Prevalensi balita pendek dan sangat pendek di Indonesia cenderung statis.


Hasil Riset Kesehatan Dasar (Riskesdas) tahun 2007 menunjukkan prevalensi balita
pendek dan sangat pendek di Indonesia sebesar 36,8%. Pada tahun 2010, terjadi
sedikit penurunan menjadi 35,6%. Namun prevalensi balita pendek kembali
meningkat pada tahun 2013 yaitu menjadi 37,2%. Prevalensi balita pendek dan
sangat pendek tahun 2018 menurun menjadi 30,8%. Target RPJMN 2019 sebesar
28% pada Baduta (Kementrian Kesehatan Badan Penelitian dan Pengembangan
Kesehatan, 2018).
Kejadian stunting pada anak dipengaruhi oleh status gizi sejak kehamilan.
Kondisi kesehatan dan gizi ibu saat hamil mempengaruhi kejadian berat bayi lahir
rendah dan resiko stunting. BBLR merupakan faktor risiko yang paling dominan
berhubungan dengan kejadian stunting. Anak dengan BBLR memiliki risiko 5,87 kali
untuk mengalami stunting. Dampak dari bayi yang memiliki berat lahir rendah akan
berlangsung dari generasi ke generasi, anak dengan BBLR akan memiliki ukuran
antropometri yang kurang pada perkembangannya. Berdasarkan hasil penelitian bayi
lahir dengan berat badan tidak mencapai standar normal salah satunya disebabkan
karena ibunya ketika sebelum hamil memiliki pola makan yang tidak mengonsumsi
makanan bersumber protein hewani (Rahayu, Yulidasari, Putri, & Rahman, 2015).
Pertumbuhan bayi dan balita dipengaruhi oleh asupan nutrisi yang akan
mempengaruhi resiko terjadinya stunting.

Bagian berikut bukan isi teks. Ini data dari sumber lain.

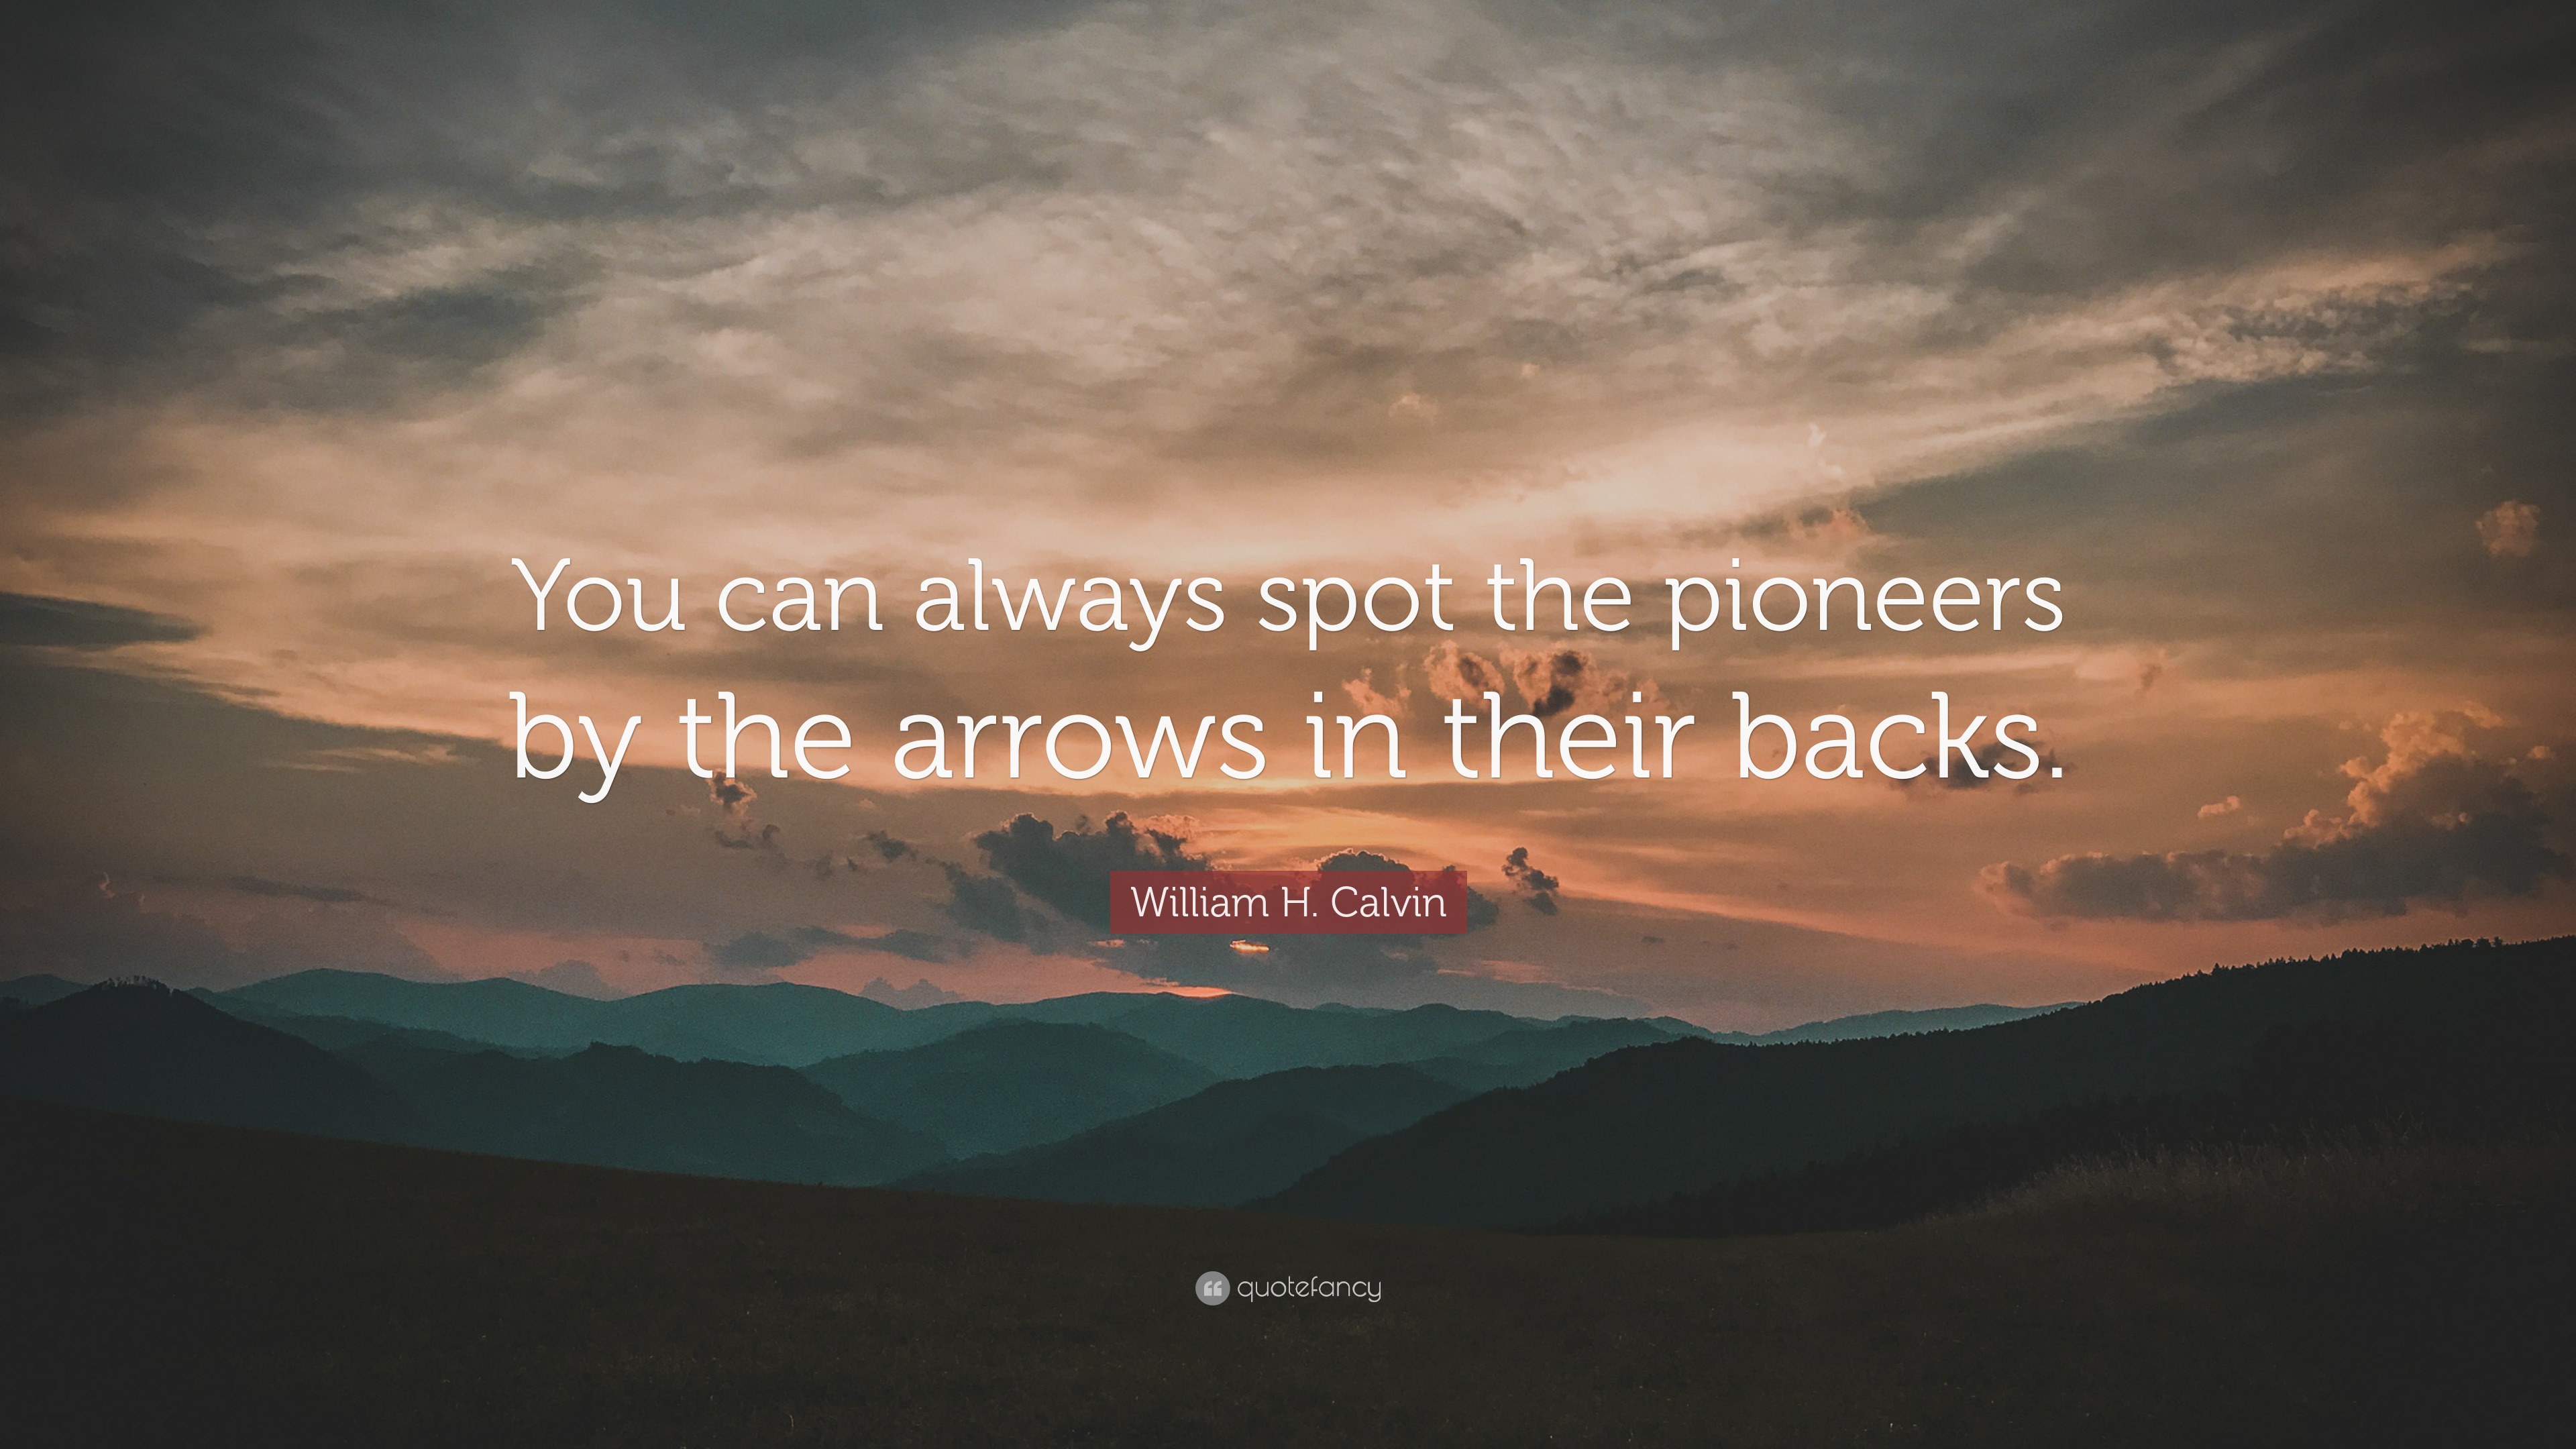 William H Calvin Quote You Can Always Spot The Pioneers By The Arrows In Their Backs

Nutrisi pada bayi balita dimulai dari
pemberian ASI Eksklusif dan Makanan pendamping ASI (MP-ASI). Keberhasilan
pemberian ASI Eksklusif dipengaruhi oleh praktik Inisiasi Menyusui Dini (IMD),
sikap ibu terhadap menyusui dan dukungan keluarga (Susiloretni, Hadi, Blakstad,
Smith, & Shankar, 2019). Hasil penelitian lain menunjukan bahwa terdapat
perbedaan pada tingkat kecukupan energi, protein, zinc, dan zat besi pada bayi
dengan riwayat pemberian ASI eksklusif dan non ASI eksklusif. Balita dengan
riwayat pemberian ASI non eksklusif dan balita yang memiliki tingkat konsumsi
nutrisi inadekuat, memiliki risiko lebih besar untuk mengalami stunting (Damayanti,
Muniroh, & Farapti, 2016; Rachmi, Agho, Li, & Baur, 2016). Hasil penelitian lain
menunjukan bahwa terdapat hubungan antara panjang badan lahir balita, riwayat ASI
eksklusif, pendapatan keluarga, pendidikan ibu dan pengetahuan gizi ibu terhadap
kejadian stunting pada balita. Perlunya program yang terintegrasi dan multisektoral

Disampaikan pada Seminar Nasional “Intervensi Holistik Integratif Penanganan


Anak Stunting” 30 Maret 2019
3

untuk meningkatkan pendapatan keluarga, pendidikan ibu, pengetahuan gizi ibu dan
pemberian ASI eksklusif untuk mengurangi kejadian stunting (Ni’mah & Nadhiroh,
2015). Kekurangan nutrisi bayi berkaitan erat dengan keterlambatan pertumbuhan
dan kondisi kesehatan. Malnutrisi selama 2 tahun pertama kehidupan akan
menyebabkan stunting dan tinggi badan saat dewasa menjadi lebih pendek daripada
tinggi badan yang seharusnya. Pada 2 tahun pertama kehidupan merupakan periode
kritis untuk mendukung pertumbuhan dan perkembangan bayi (World Health
Organization, 2009). Selain fator utrisi, kondisi sosial ekonomi dan sanitasi tempat
tinggal juga berkaitan dengan terjadinya stunting. Kondisi ekonomi erat kaitannya
dengan kemampuan dalam memenuhi asupan yang bergizi dan pelayanan kesehatan
untuk ibu hamil dan balita. Sedangkan sanitasi dan keamanan pangan dapat
meningkatkan risiko terjadinya penyakit infeksi.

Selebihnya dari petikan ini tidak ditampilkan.